→ **Work required**:
The whole listing below must be printed again exactly, images excluded.

→ **Input data**:
Start of Block
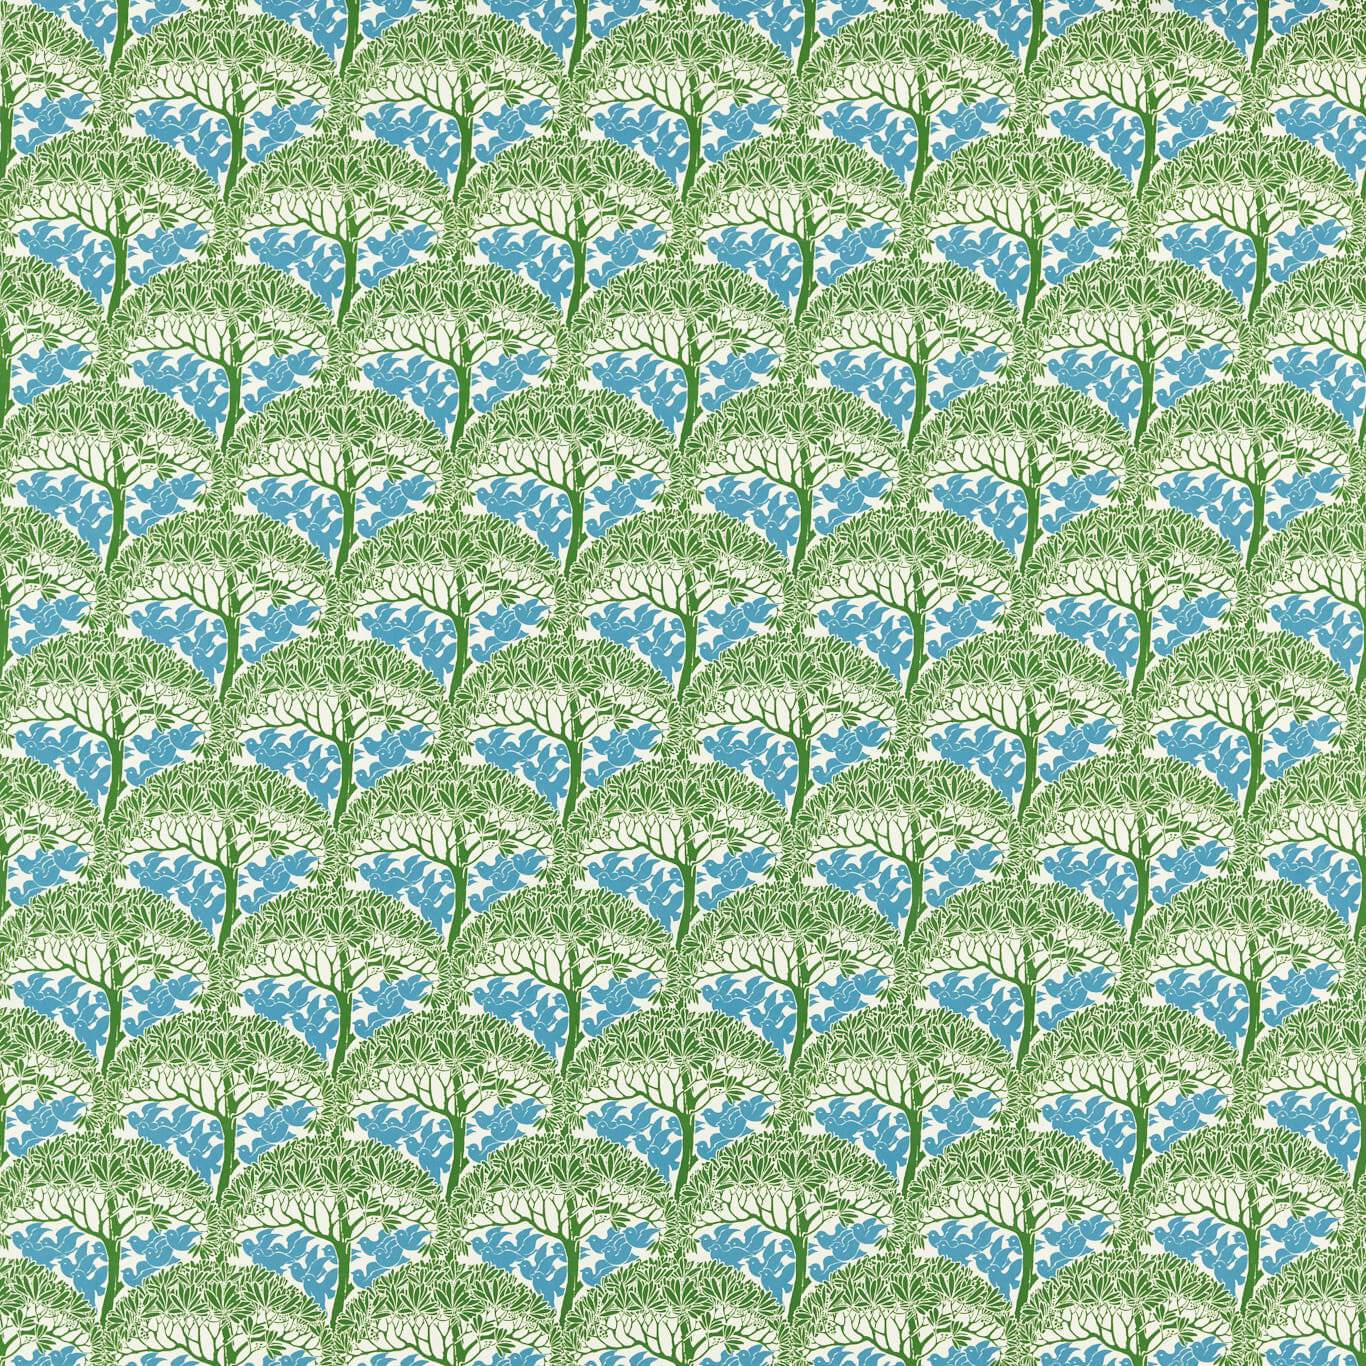 The Savaric Garden Green Fabric By Morris & Co
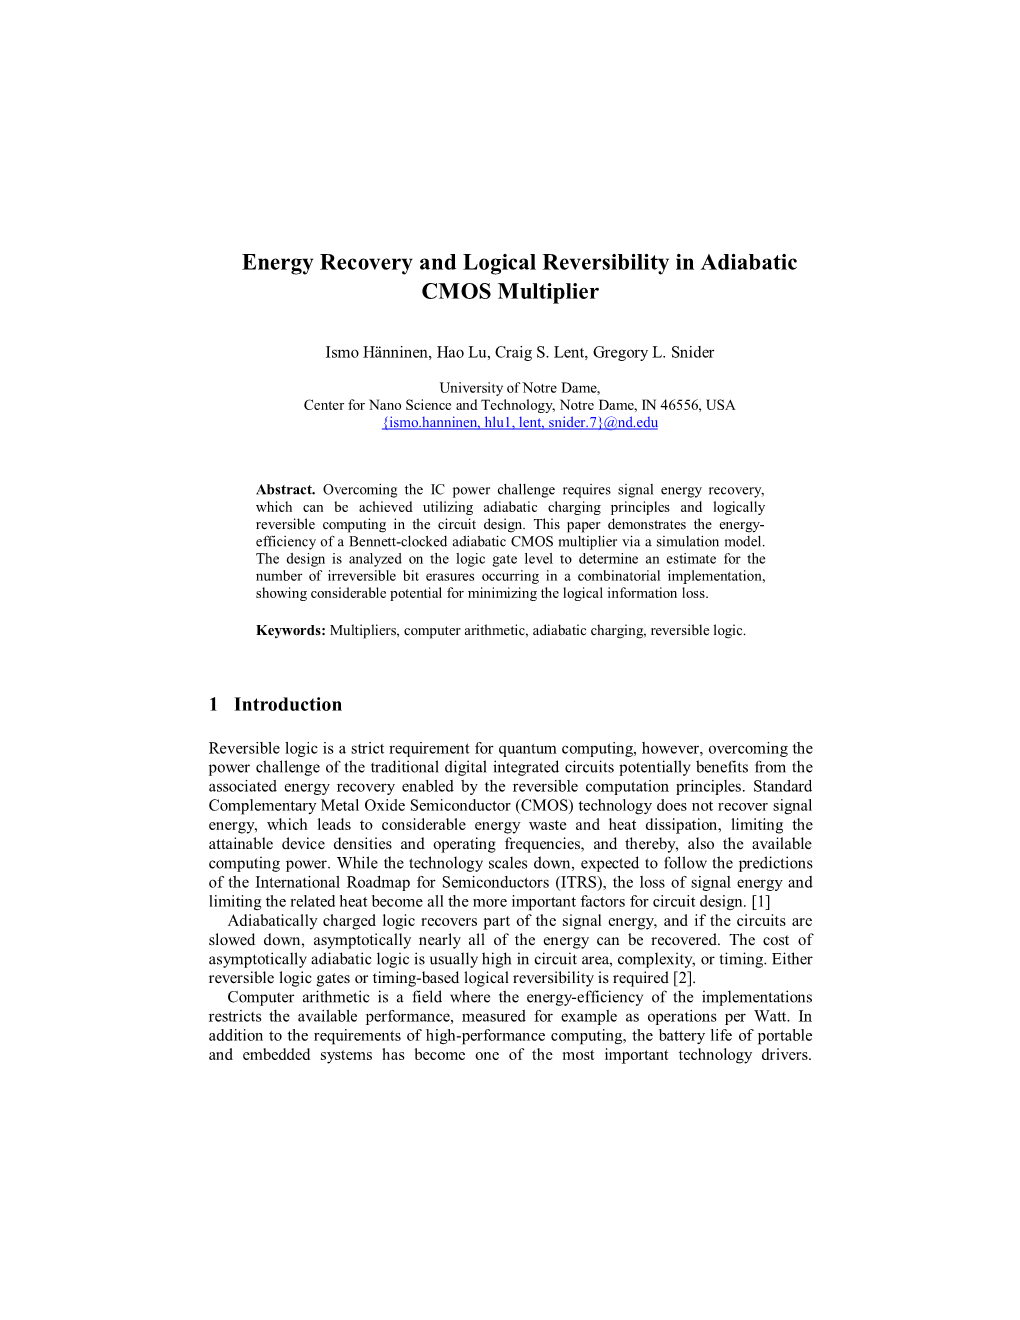 Energy Recovery and Logical Reversibility in Adiabatic CMOS Multiplier
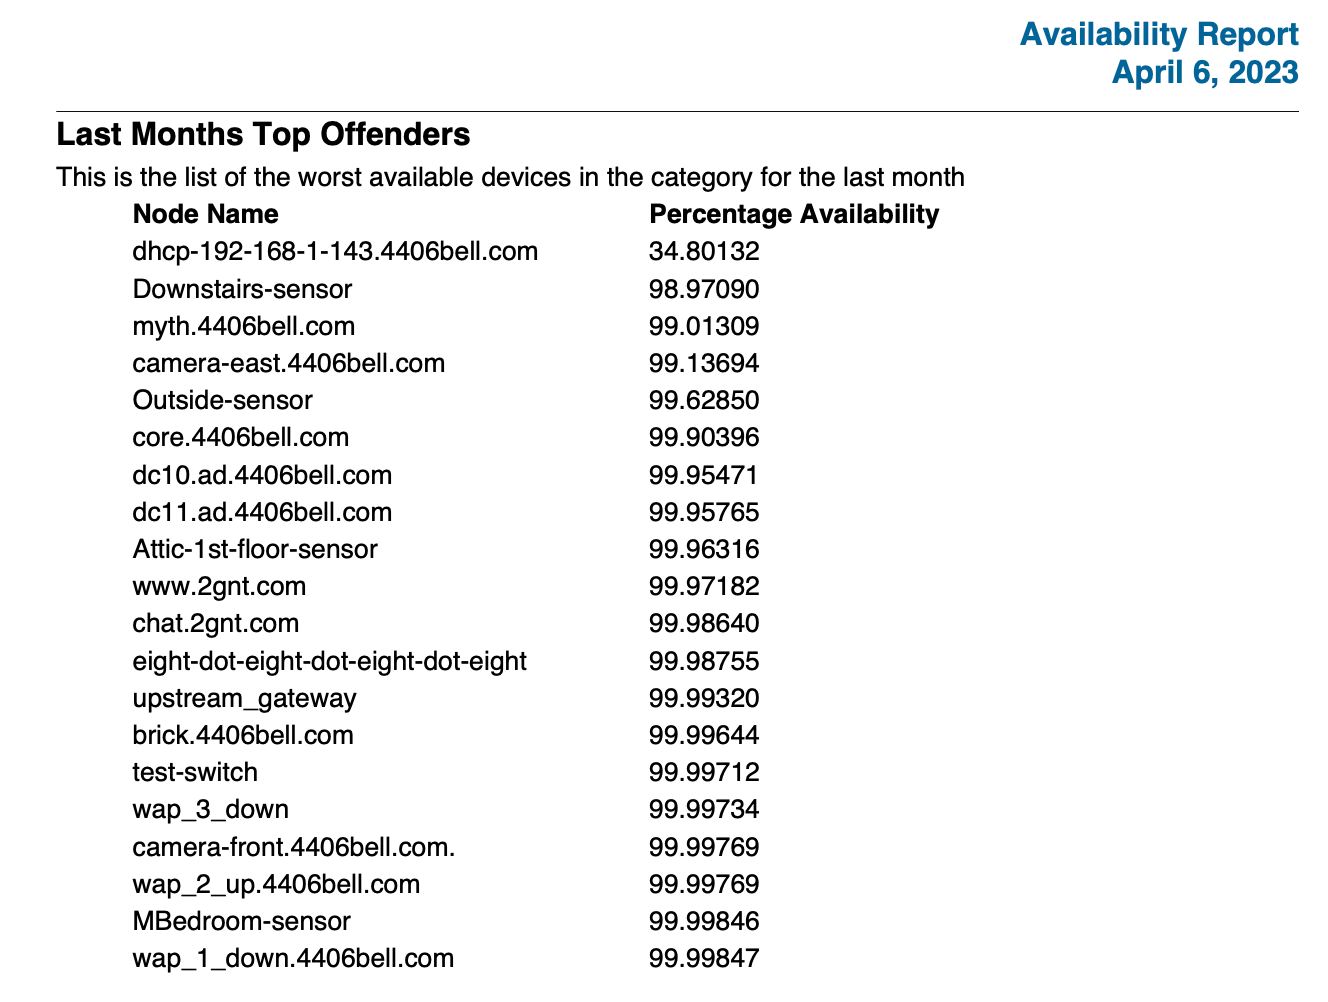 Example of the fourth page of a default classic report. A table of availability statistics for the previous month’s least available devices is displayed.
End of Block
→ **Solution for this task**:
 The Savaric Garden Green Fabric By Morris & Co
 Energy Recovery and Logical Reversibility in Adiabatic CMOS Multiplier
 Example of the fourth page of a default classic report. A table of availability statistics for the previous month’s least available devices is displayed.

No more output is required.